MediaArtHistories edited by Oliver GRAU now out as educational edition
(paperback)
With contributions by: Rudolf ARNHEIM, Andreas BROECKMANN, Ron BURNETT,
Edmond COUCHOT,
Sean CUBITT, Dieter DANIELS, Felice FRANKEL, Oliver GRAU, Erkki HUHTAMO,
Douglas KAHN,
Ryszard W. KLUSZCYNSKI, Machiko KUSAHARA, Timothy LENOIR, Lev MANOVICH,
W.J.T. MITCHELL,
Gunalan NADARAJAN, Christiane PAUL, Louise POISSANT, Edward A. SHANKEN,
Barbara Maria STAFFORD
and Peter WEIBEL
"A rich selection of important texts by some of the most noteworthy
figures
in media art history, and together they will do much to shape the
content of
this new discipline."
-- Charlie GERE - Art Book
"Hmmm.

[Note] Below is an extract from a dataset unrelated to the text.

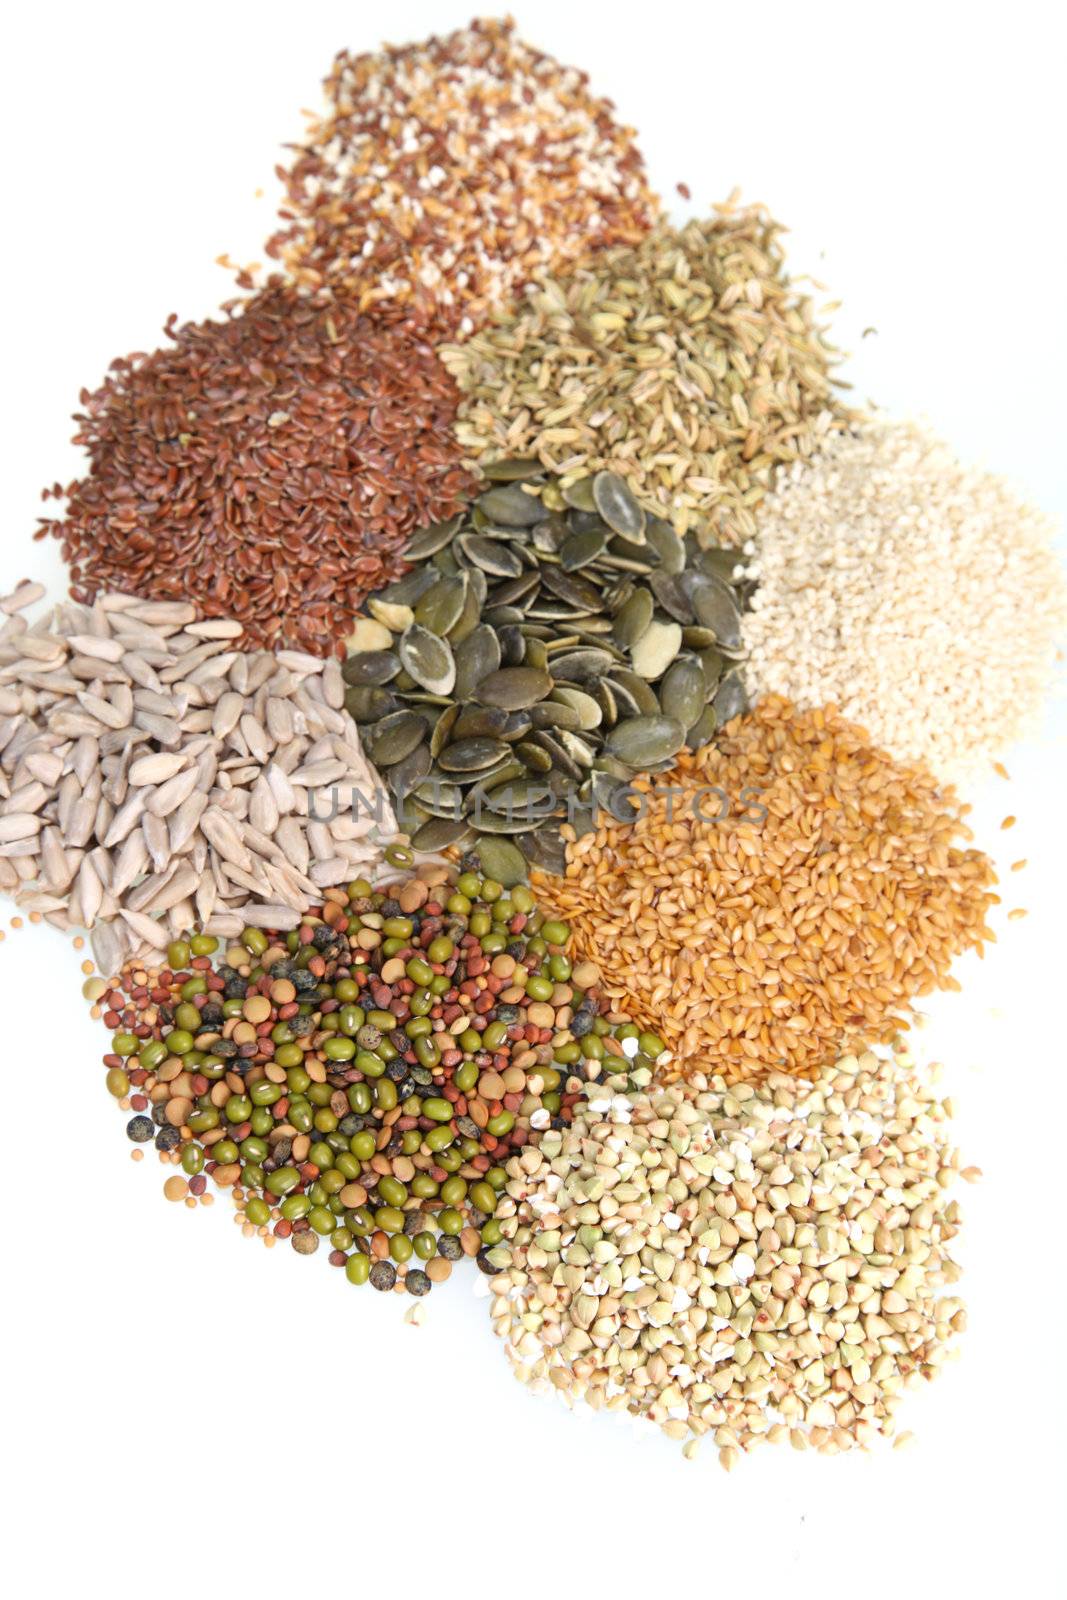 Mixed seeds arranged on a white background by Farina6000

That looks pretty handy." -- Bruce STERLING
"With the growth of media art (and media art programs), MediaArtHistories
is an important--and timely--book. Scholars, teachers, and artists all have
much to gain from reading
it." -- Dene GRIGAR
"The essays presented in MediaArtHistories comprise a compelling addition
to the bookshelf of any academic interested in art history."
--
Paul THOMAS, realtime +onscreen
"MediaArtHistories provides a wide view on the complex, in-progress field
of media art, in which this volume intends to stand as one of the main
bibliographical reference points." -- Horea AVRAM,
Rhizome.org
CONTENTS: Digital art has become a major contemporary art form, but it
has yet to achieve acceptance from mainstream cultural institutions; it
is rarely collected, and seldom included in the study of art history or
other academic disciplines. In MediaArtHistories, leading scholars seek
to change this. They take a wider view of media art, placing it against
the backdrop of art history. Their essays demonstrate that today's media
art cannot be understood by technological details alone; it cannot be
understood without its history, and it must be understood in proximity
to other disciplines--film, cultural and media studies, computer
science, philosophy, and sciences dealing with images. Contributors
trace the evolution of digital art, from thirteenth-century Islamic
mechanical devices and eighteenth-century phantasmagoria, magic
lanterns, and other multimedia illusions, to Marcel Duchamp's inventions
and 1960s kinetic and op art. They reexamine and redefine key media art
theory terms--machine, media, exhibition--and consider the blurred
dividing lines between art products and consumer products and between
art images and science images. Finally, MediaArtHistories offers an
approach for an interdisciplinary, expanded image science, which needs
the "trained eye" of art history.
WEBSITES:
BOOK http://www.mediaarthistory.org/pub/mediaarthistories.html
MAH Conference Series & Archive www.mediaarthistories.org
FACEBOOK MAH Platform www.facebook.com/group.php?gid=36056054067&v=wall
www.amazon.com (->MediaArtHistories)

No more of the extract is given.